He takes an instinctual step back, eyes glued to the shadow as it remains in the chair, watching him as he watches it. Sweat beads at his brow as his hands shake by his sides, his throat going dry. He swallows.
For just one moment, there is stillness.
Wonwoo lunges for the right aisle of bookcases, slipping in between just as he sees a blur of shadow move in the corner of his eye. He pushes his legs as fast as they will go, sprinting from aisle to aisle. He jumps over the couch by the technology desk, nearly tripping over the cords, before he chances a glance back.
He immediately regrets it when he sees the shadow giving chase, darting from shadow to shadow, splitting into three and then two and then four. Before they can surround him, Wonwoo jumps down the staircase, his breath leaving his lungs in a rush as pain shoots up his ankles.
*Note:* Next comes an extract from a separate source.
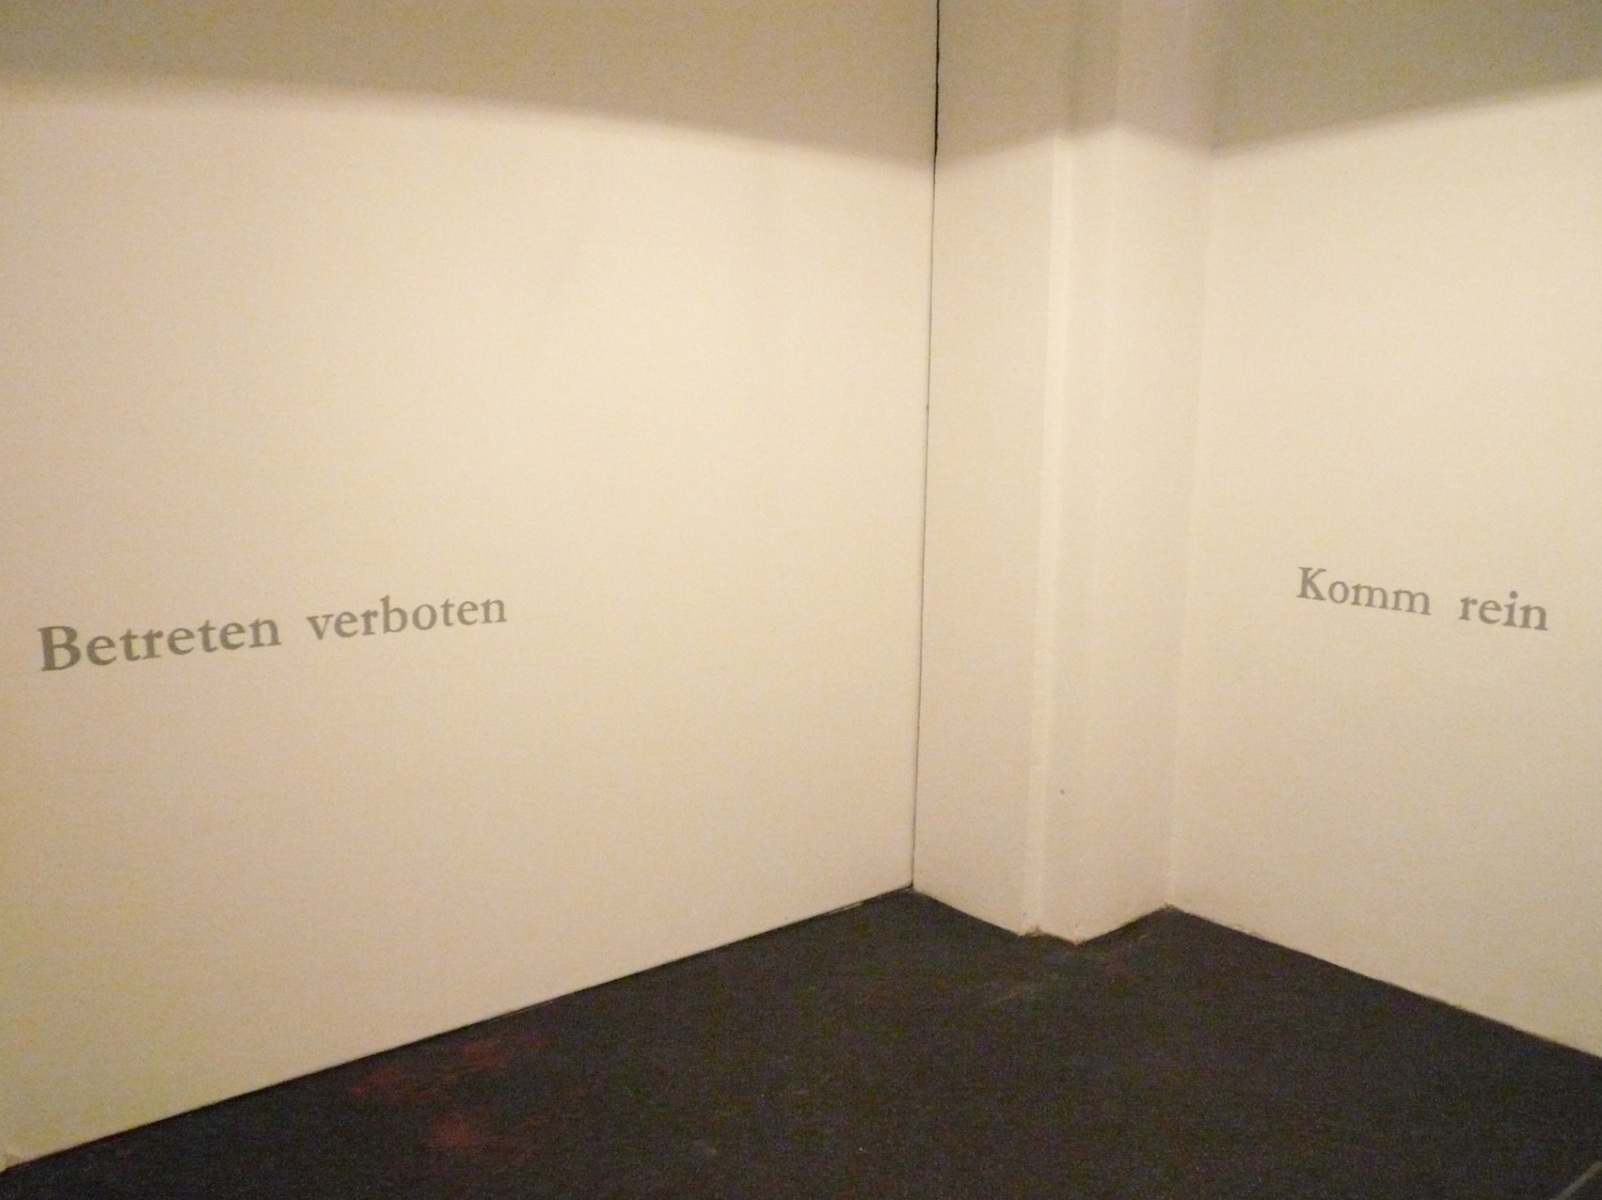 Constanze Böckmann: A Place To Be - Betreten verboten/Komm rein - Schrift und Audio -2015
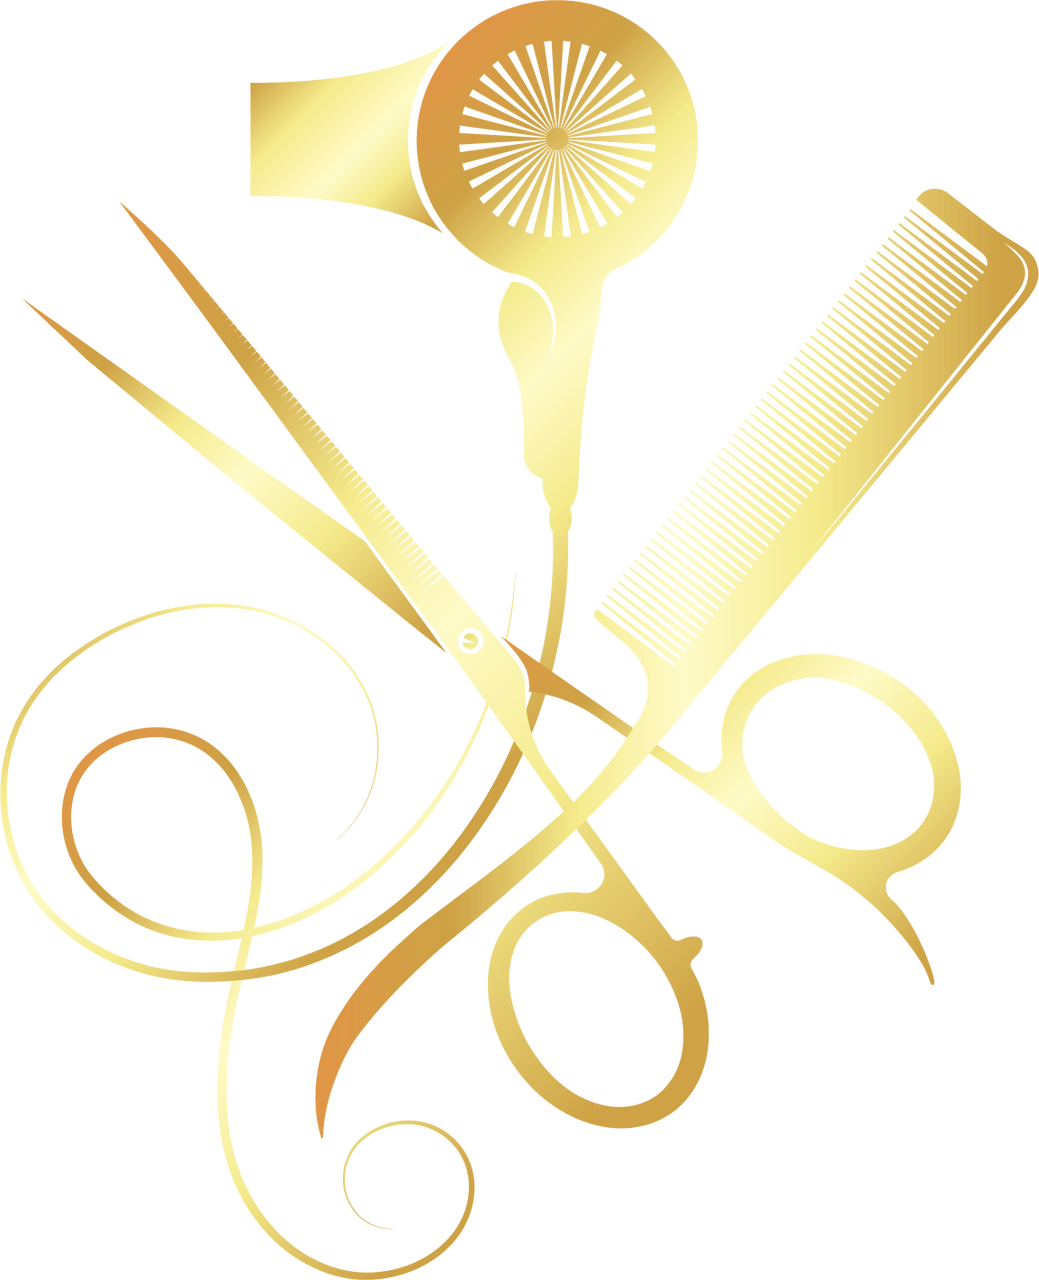 Scissors comb and hair dryer golden symbol

He stumbles once before he forces himself down the last few steps, running into the main area of the library, but before he can reach for the doors, he feels something cold wrap around his leg, forcing him to fall. He grunts when his other leg takes the brunt of his weight.
His head whips behind him as he tries to scramble away, startled by the impossibly strong grip. His eyes widen when he sees two shadows skitter up his leg like spiders.
It seems like it should tickle but it doesn’t. It is only cold, cold, cold, as if Wonwoo were eight years old again, running through snowdrifts that reached his waist. Not for the first time, he wishes he were anywhere but here.
“Yah!”
Before Wonwoo can turn towards the voice, there is a blinding light that fills the library, forcing him to shut his eyes with a wince. Almost immediately, the chill disappears from his leg, leaving nothing more than a tingle.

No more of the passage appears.